- [EXERCISE DATA]:
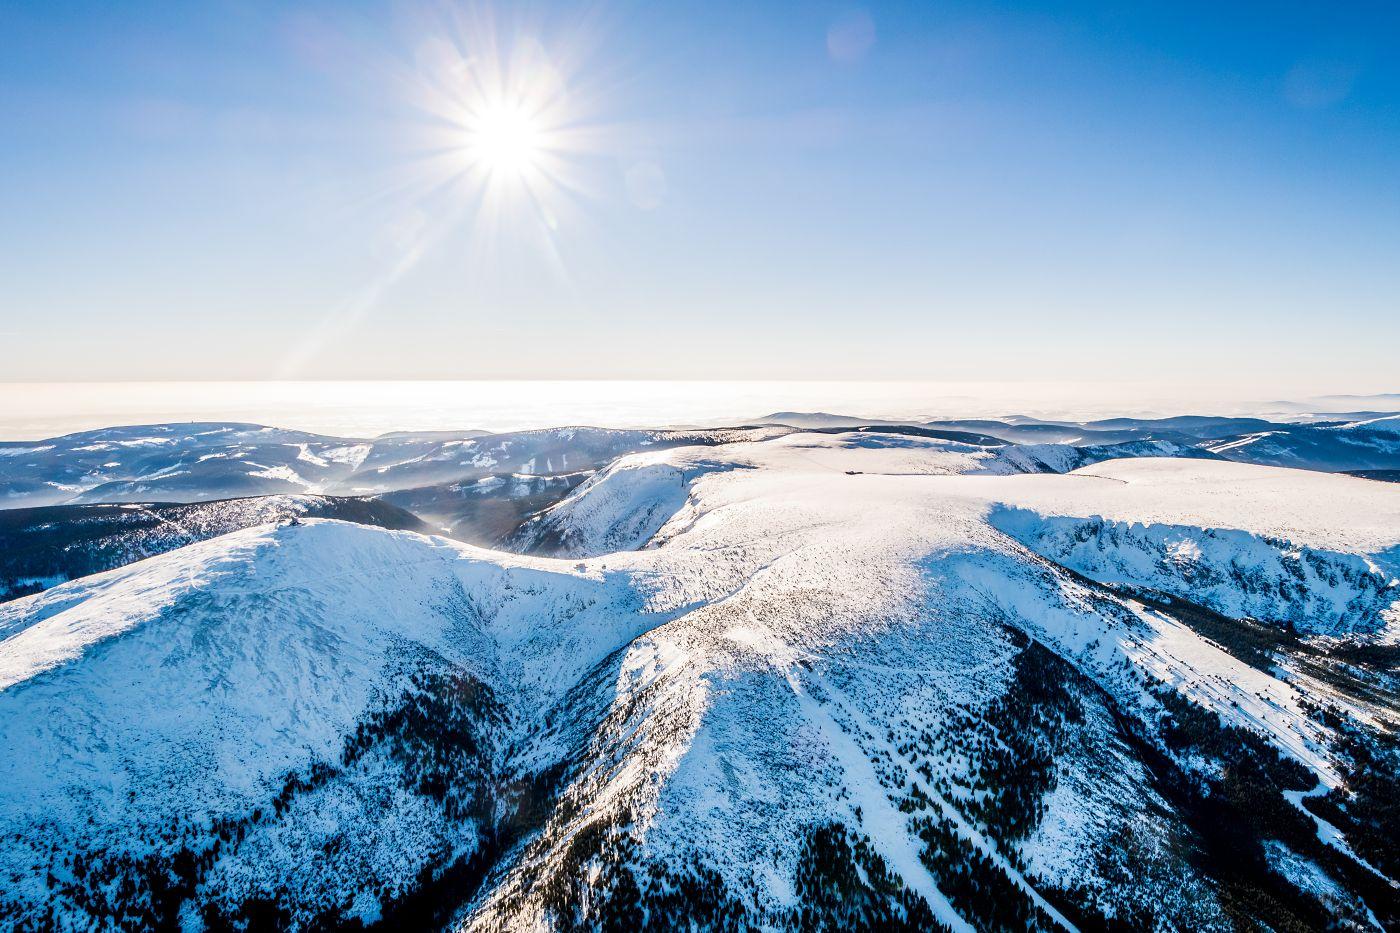 Sněžka, Krkonoše, Petr Jan Juračka
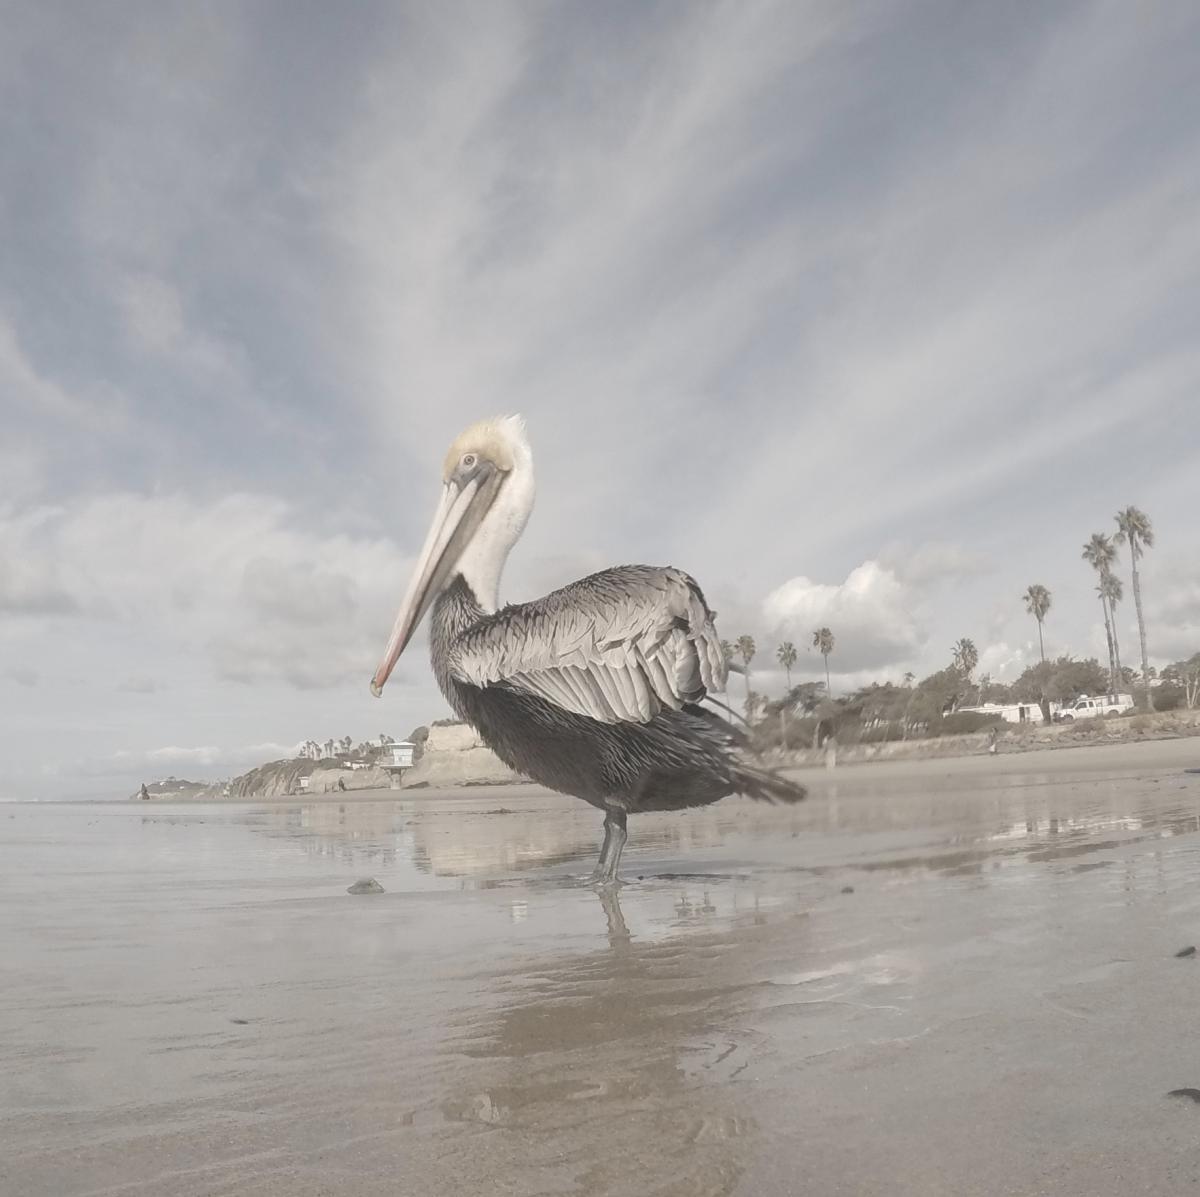 Pelican Aquatic bird Spoonbill
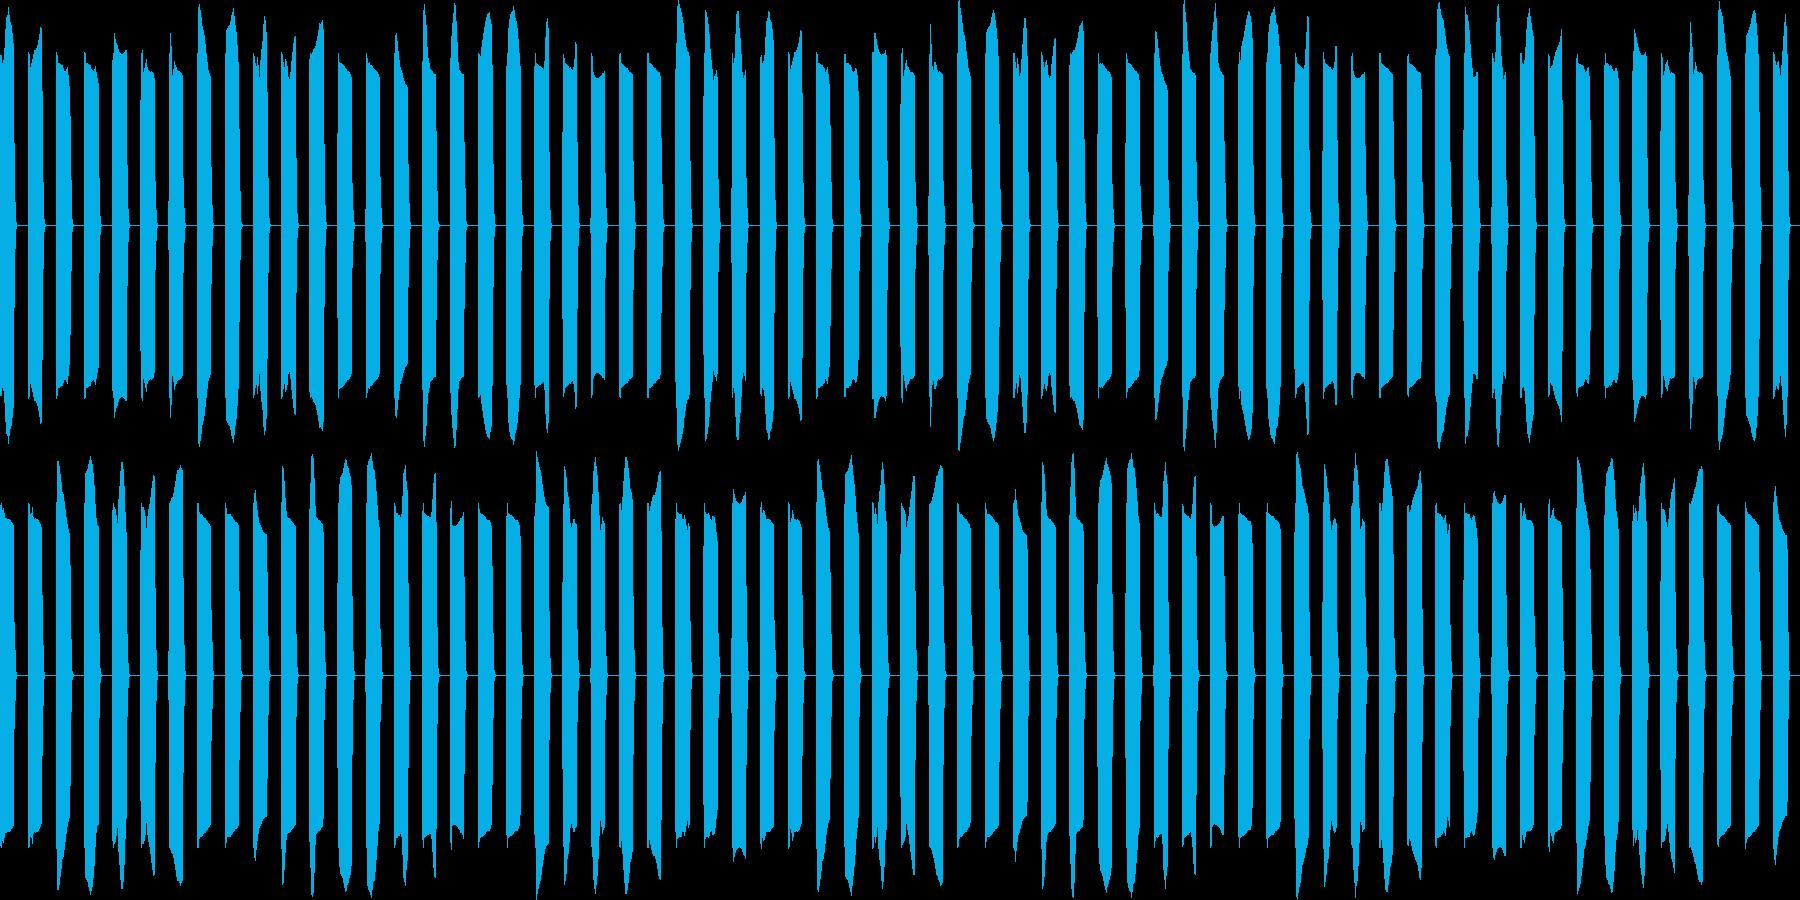 ピピピ...。アラーム・目覚ましB(長)の再生済みの波形

- [TASK GOAL]:
Copy out the data verbatim, with no pictures.

- [ANSWER TO THE PROBLEM]:
 Sněžka, Krkonoše, Petr Jan Juračka
 Pelican Aquatic bird Spoonbill
 ピピピ...。アラーム・目覚ましB(長)の再生済みの波形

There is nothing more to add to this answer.